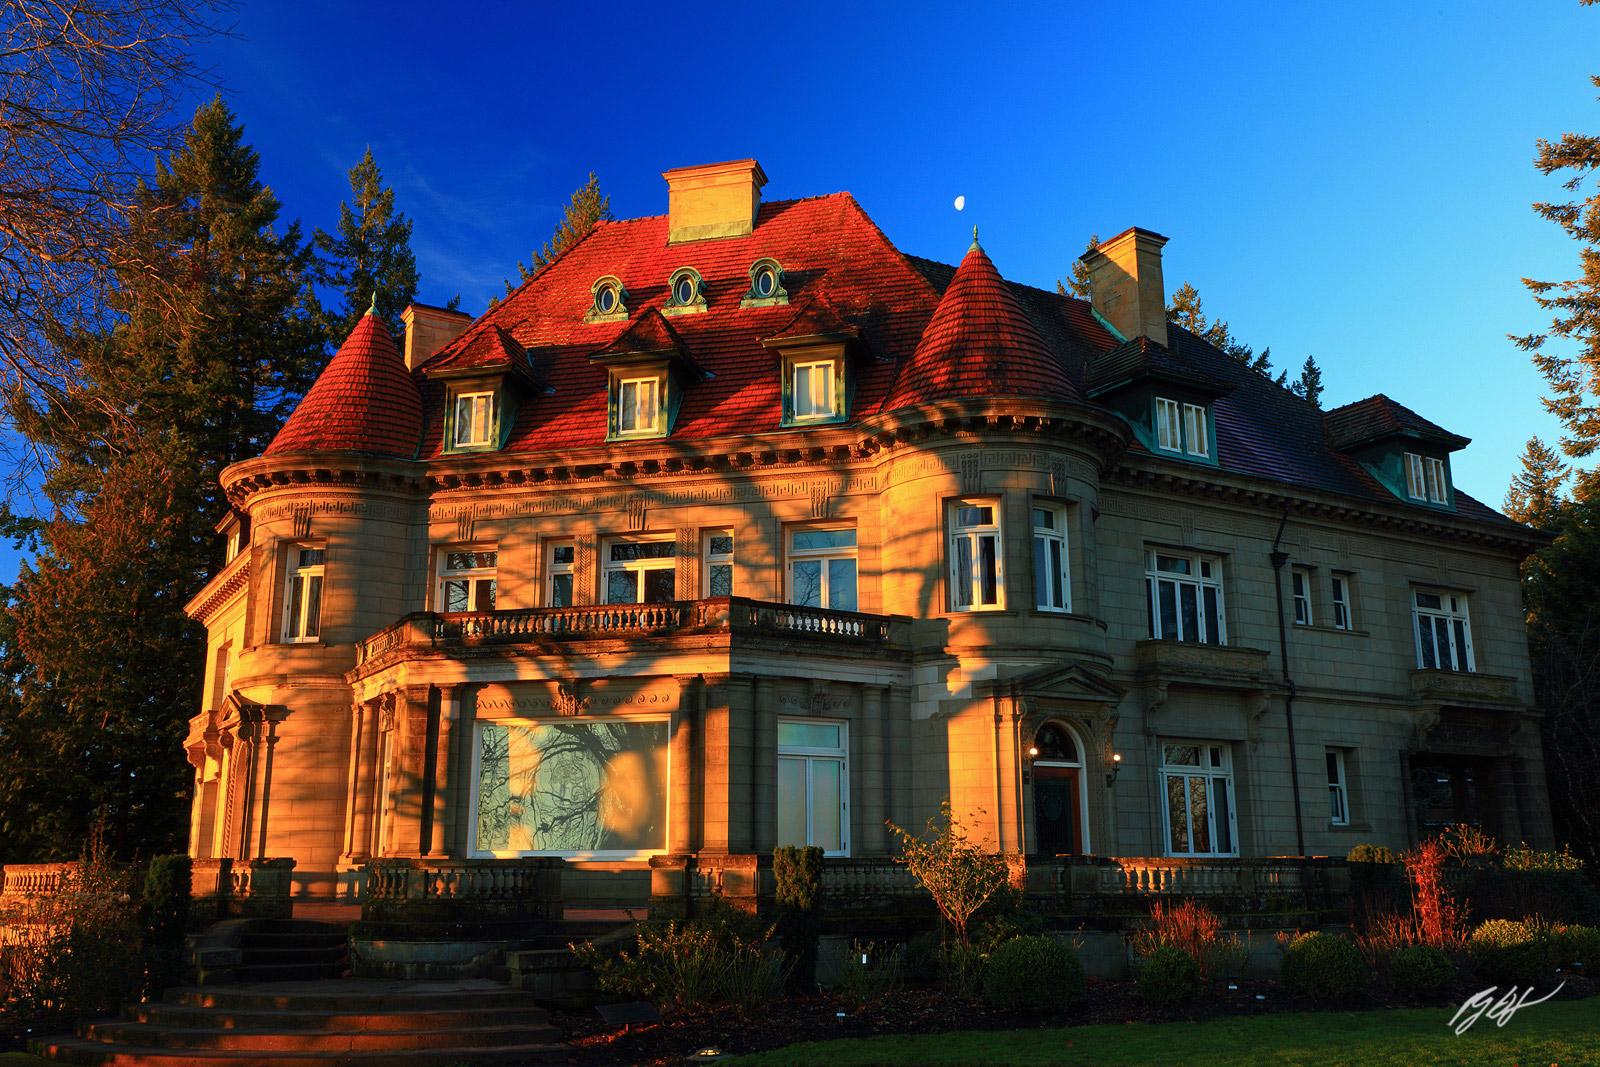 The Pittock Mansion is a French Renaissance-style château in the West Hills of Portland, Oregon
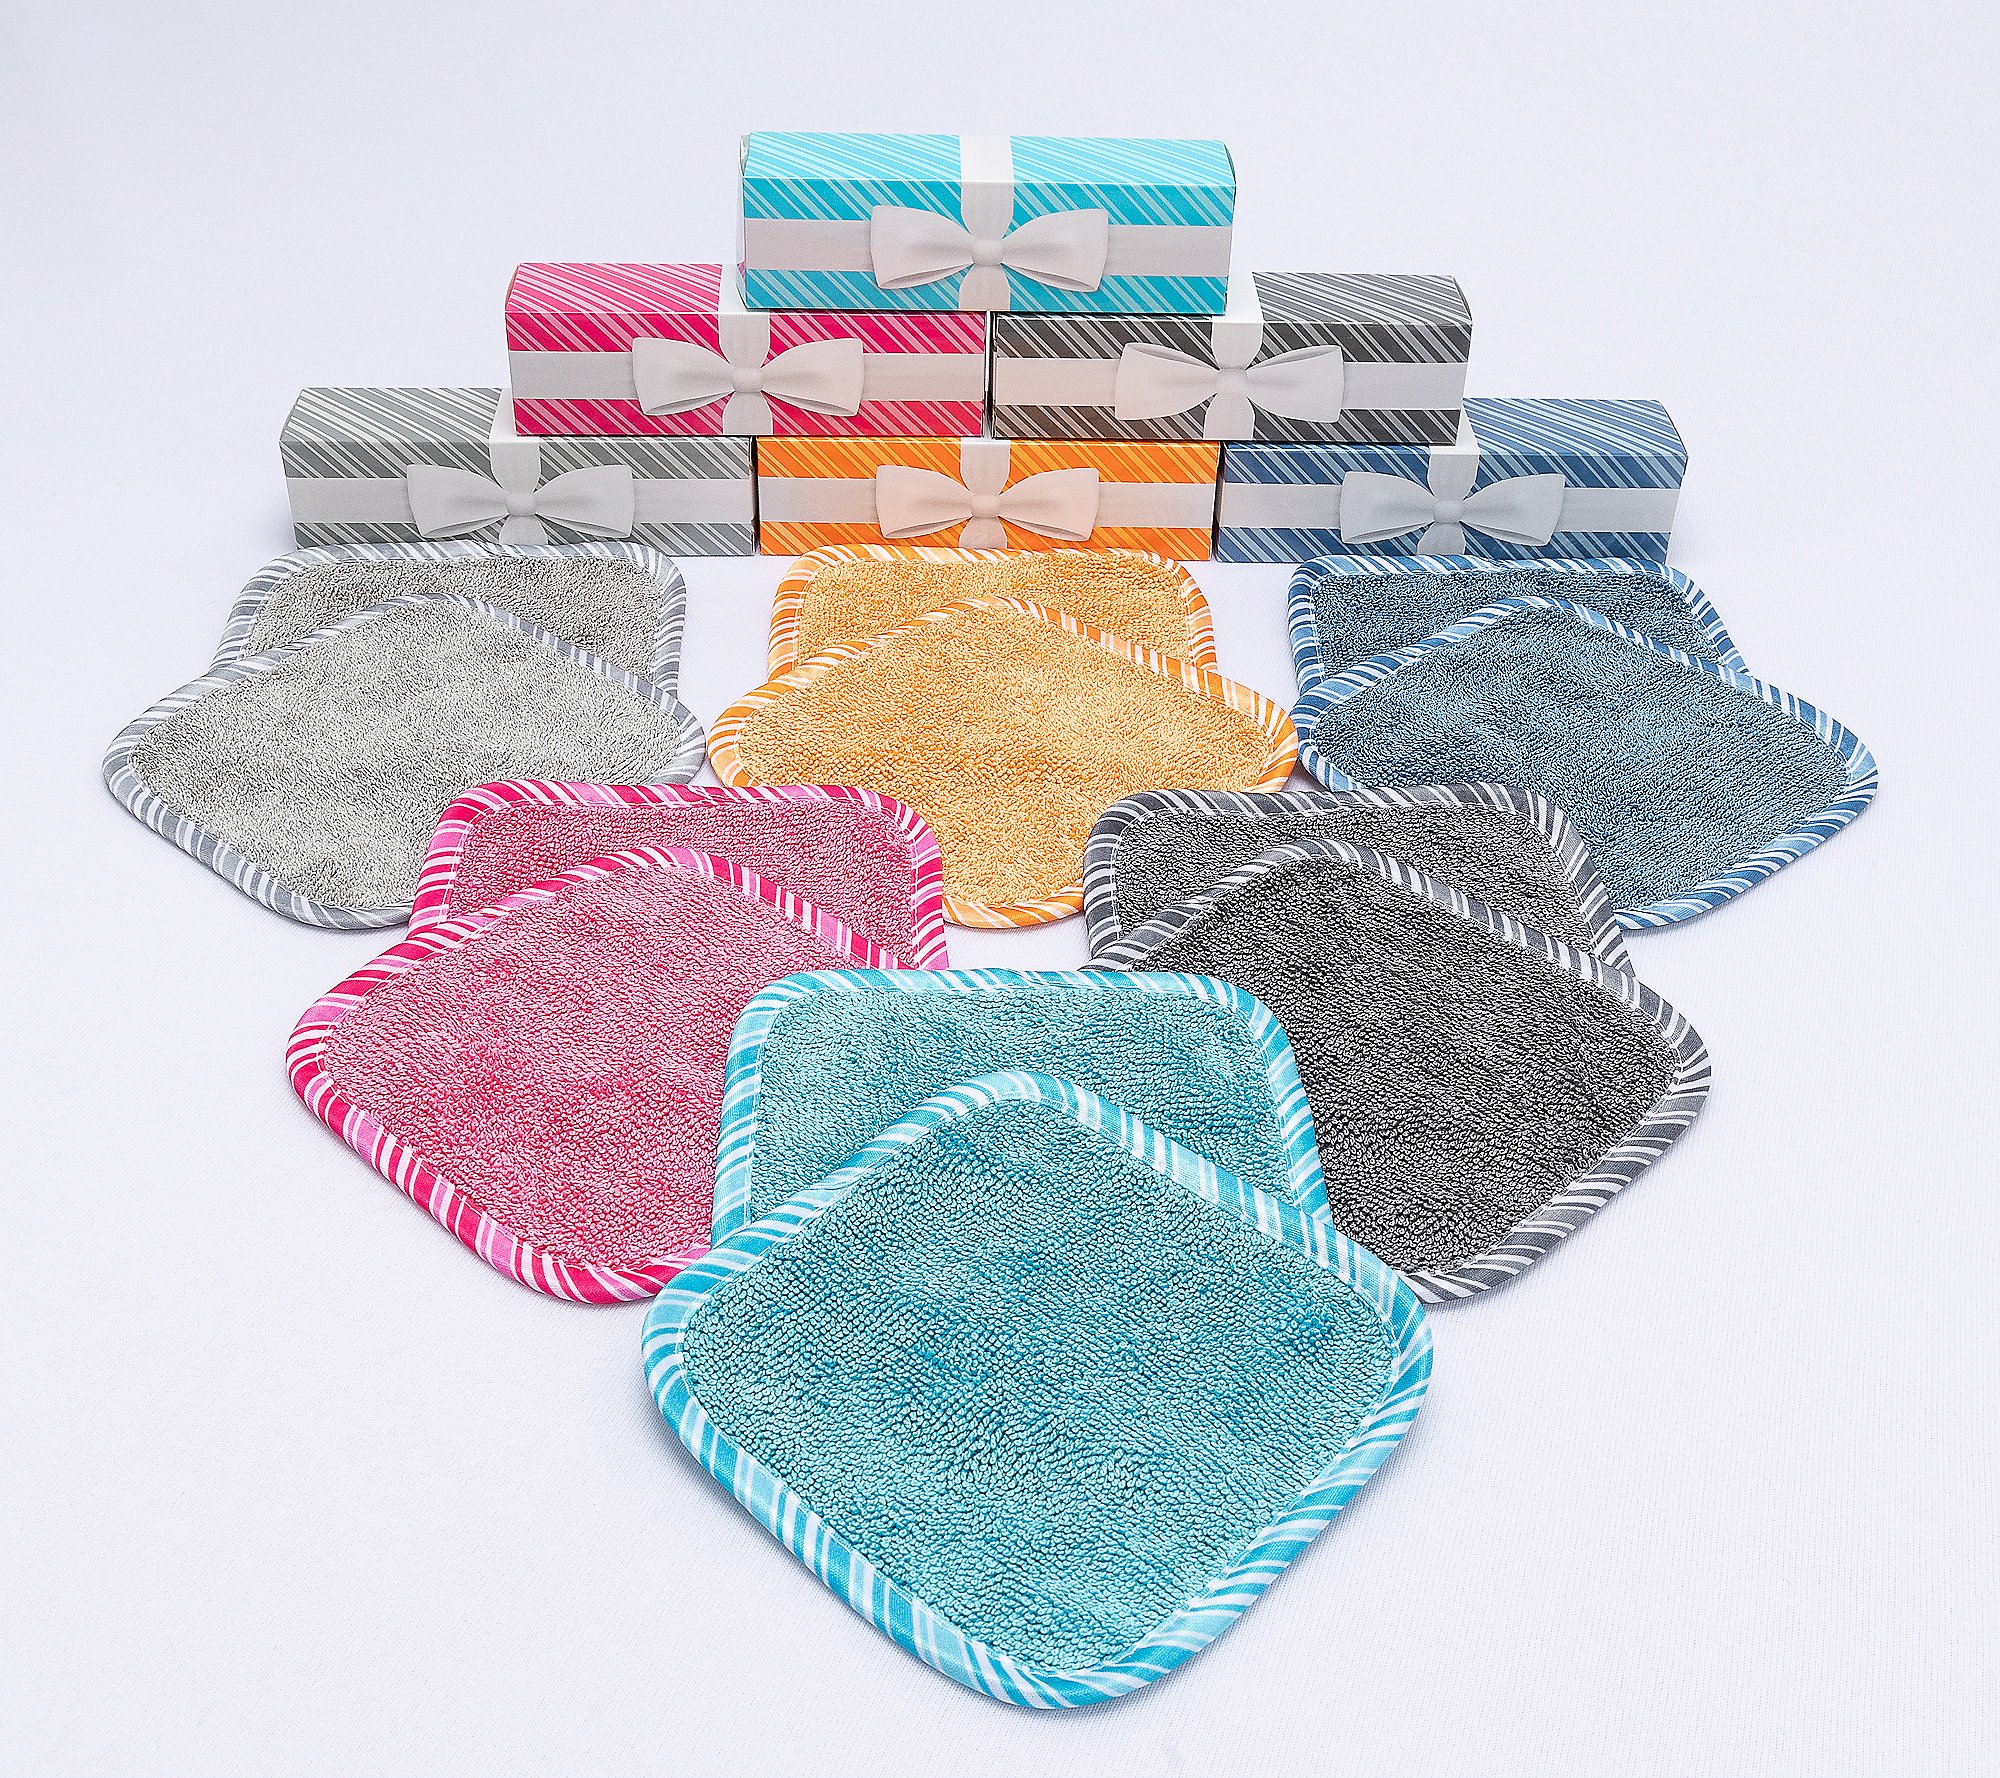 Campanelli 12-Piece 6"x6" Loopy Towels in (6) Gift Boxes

* * *

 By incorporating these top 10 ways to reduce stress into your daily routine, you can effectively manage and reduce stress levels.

▶ Assigned task
Excerpt from the records above: set down only the lines from the one that contains "The Pittock Mansion" through the one that contains "(6) Gift Boxes", inclusive, word for word. Pictures stay out.

▶ Solution for this problem
 The Pittock Mansion is a French Renaissance-style château in the West Hills of Portland, Oregon
 Campanelli 12-Piece 6"x6" Loopy Towels in (6) Gift Boxes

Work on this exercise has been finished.